*PROVIDED MATERIAL*

────────────────────────────────────────

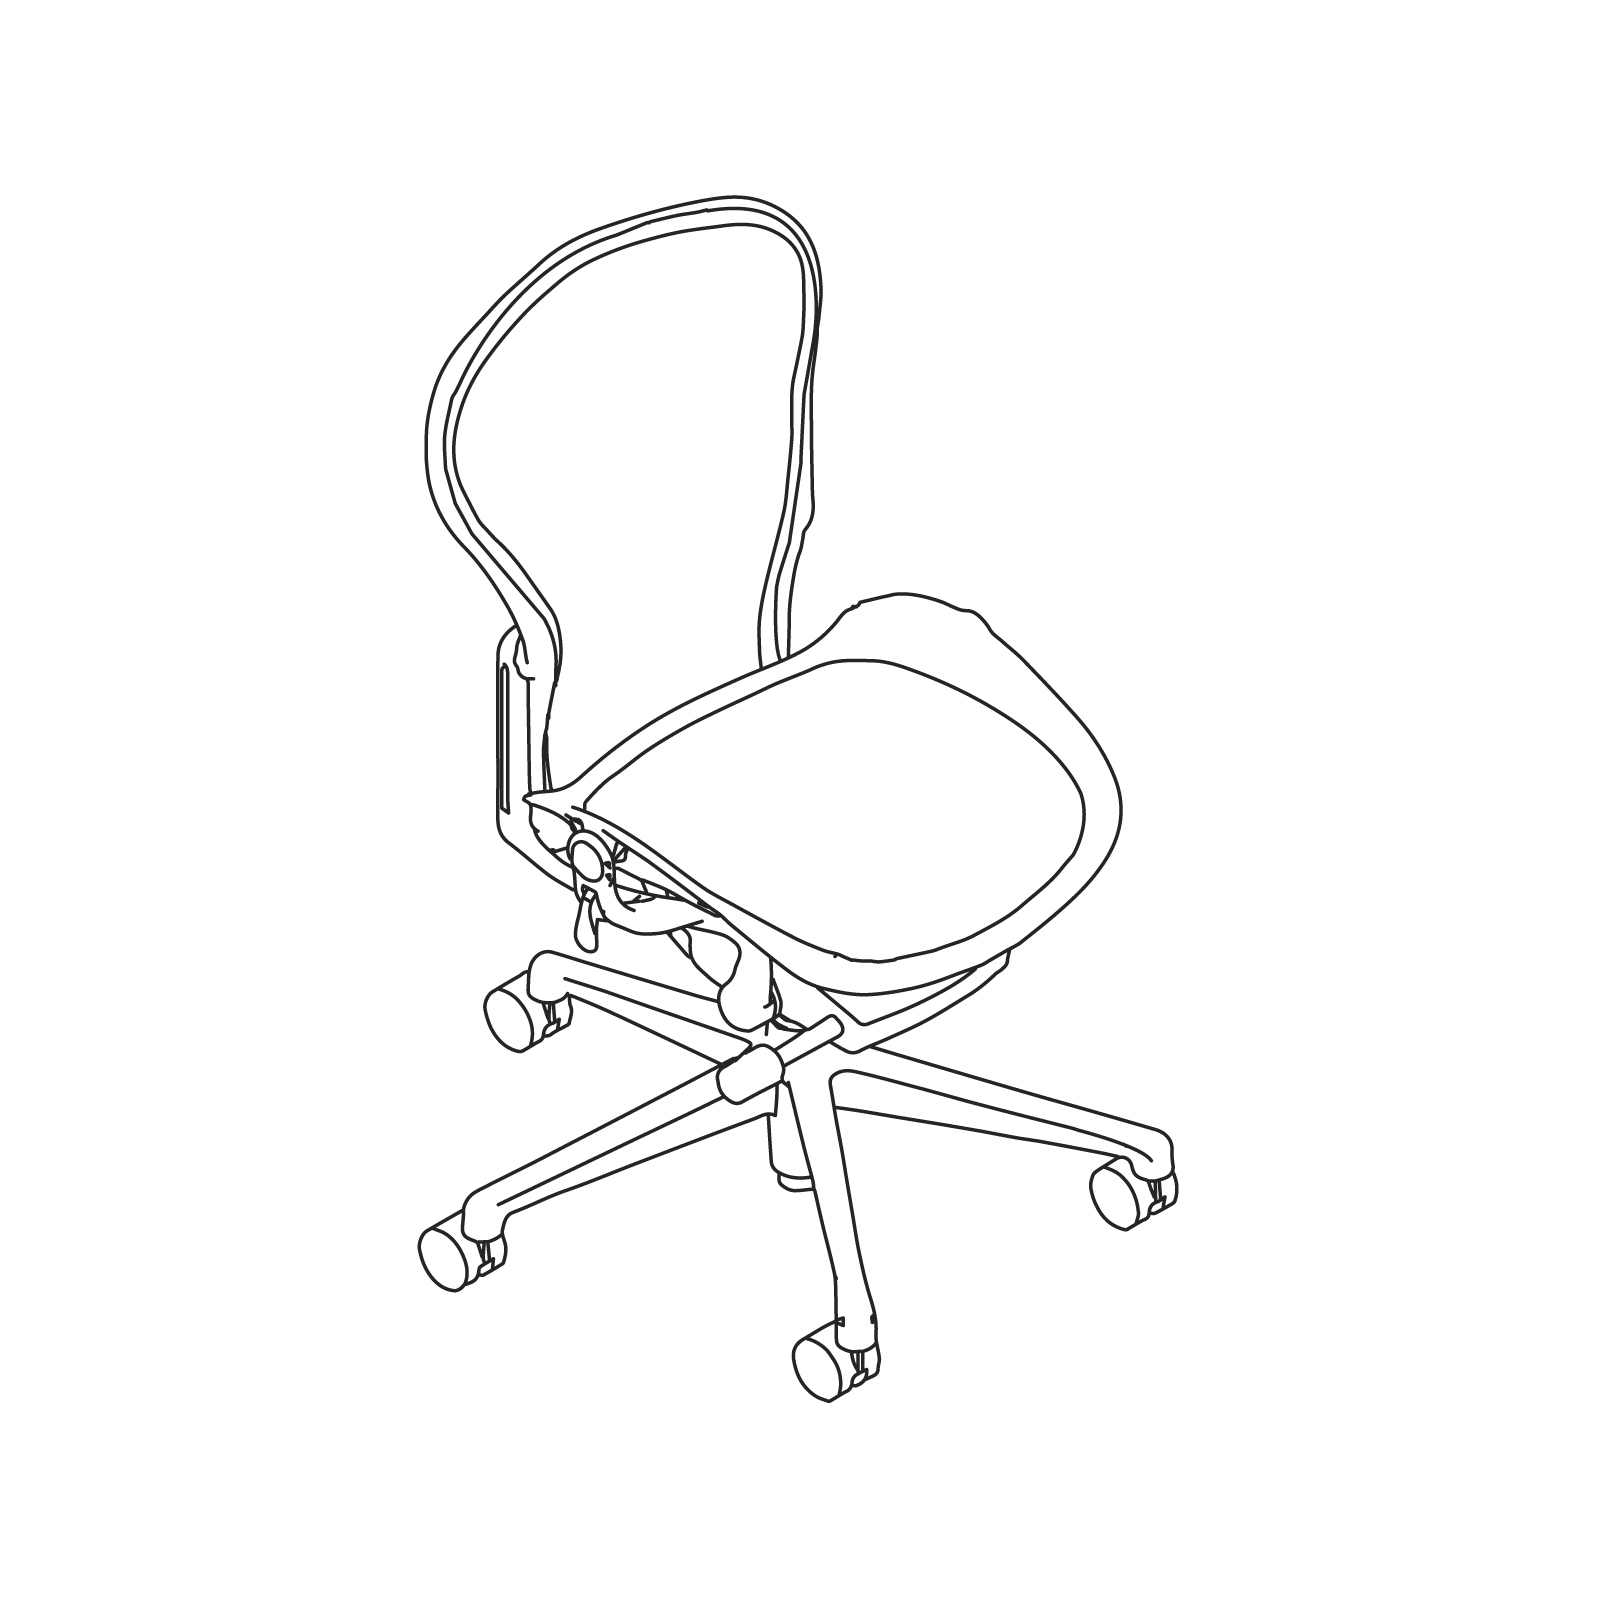 线描图 - Aeron座椅–A款–无扶手
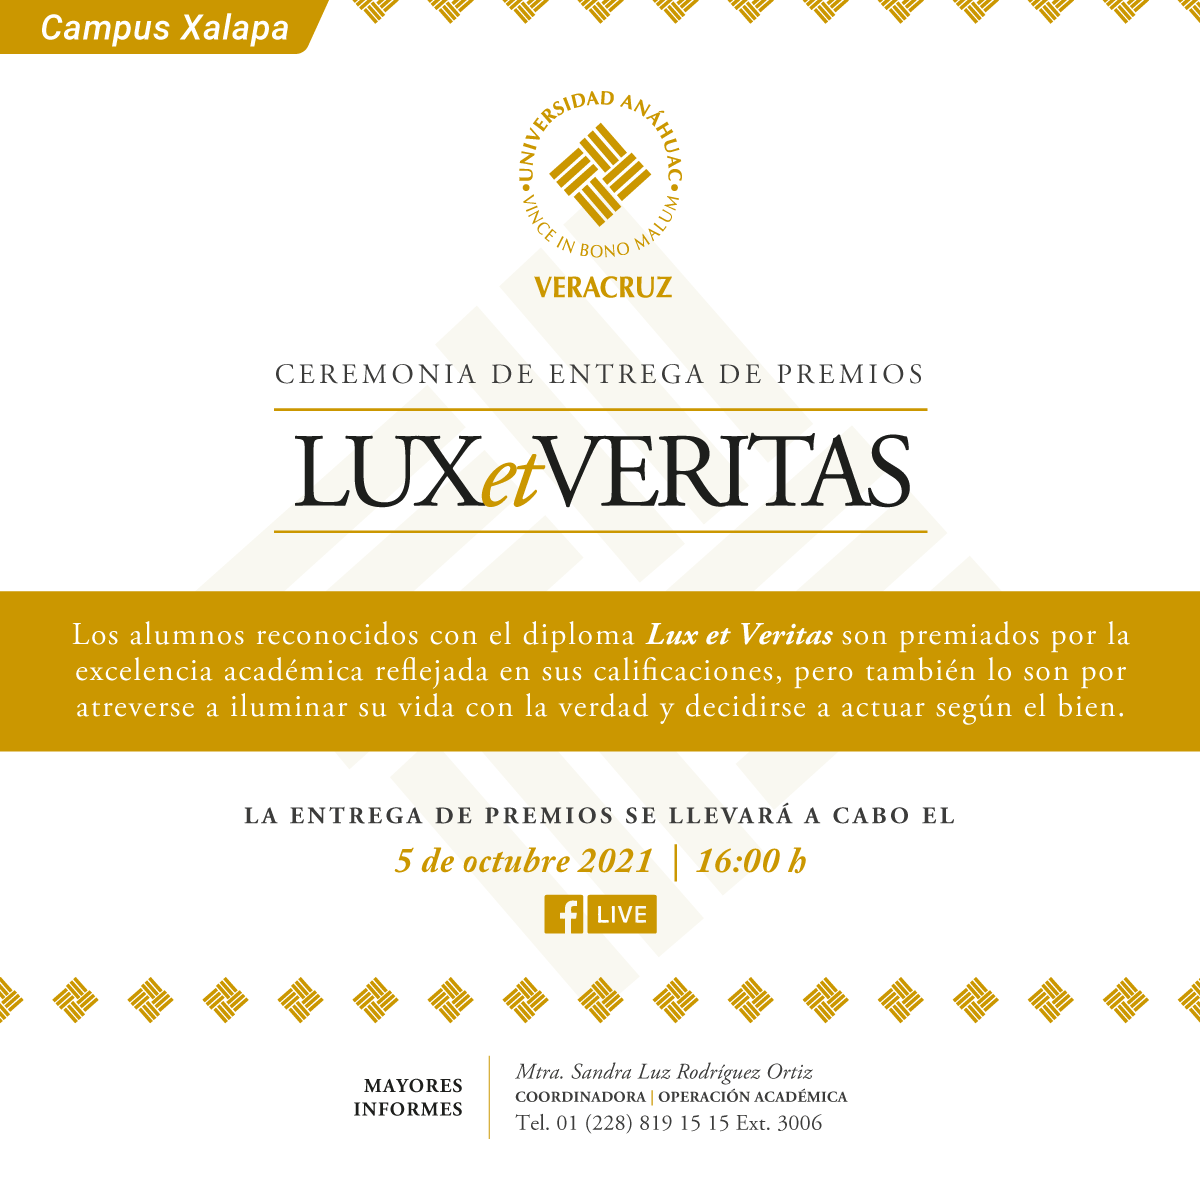 Ceremonia de Entrega de Premios Lux et Veritas
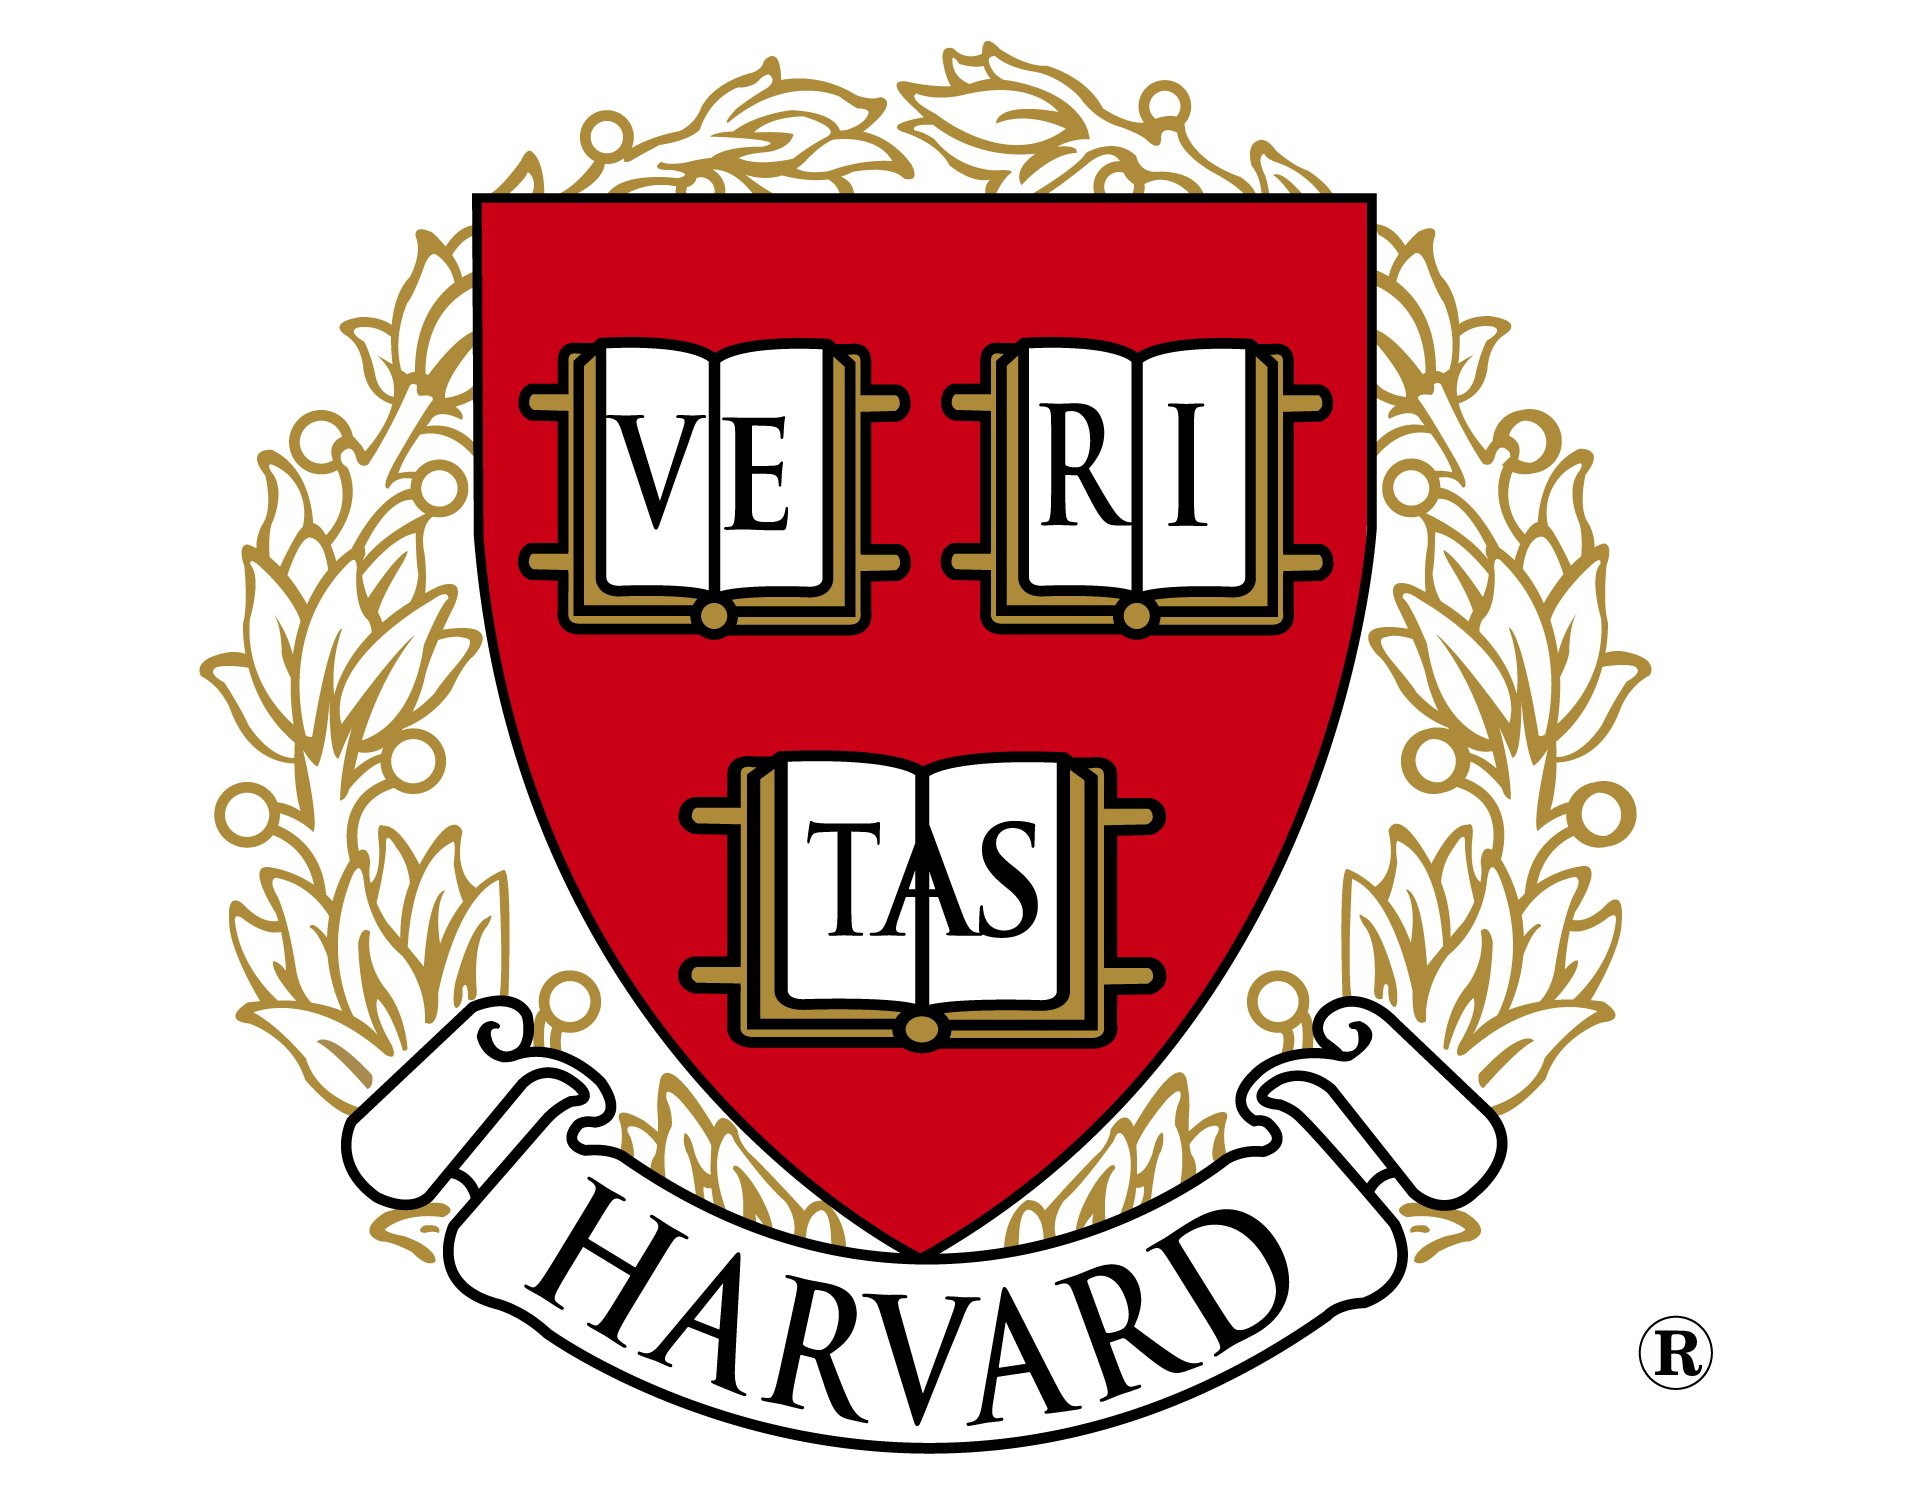 Harvard University Official Logo

────────────────────────────────────────

*ABOUT THIS TASK*
In your copy of the data above, leave out the pictures and repeat everything else exactly.

*EXERCISE OUTPUT*
 线描图 - Aeron座椅–A款–无扶手
 Ceremonia de Entrega de Premios Lux et Veritas
 Harvard University Official Logo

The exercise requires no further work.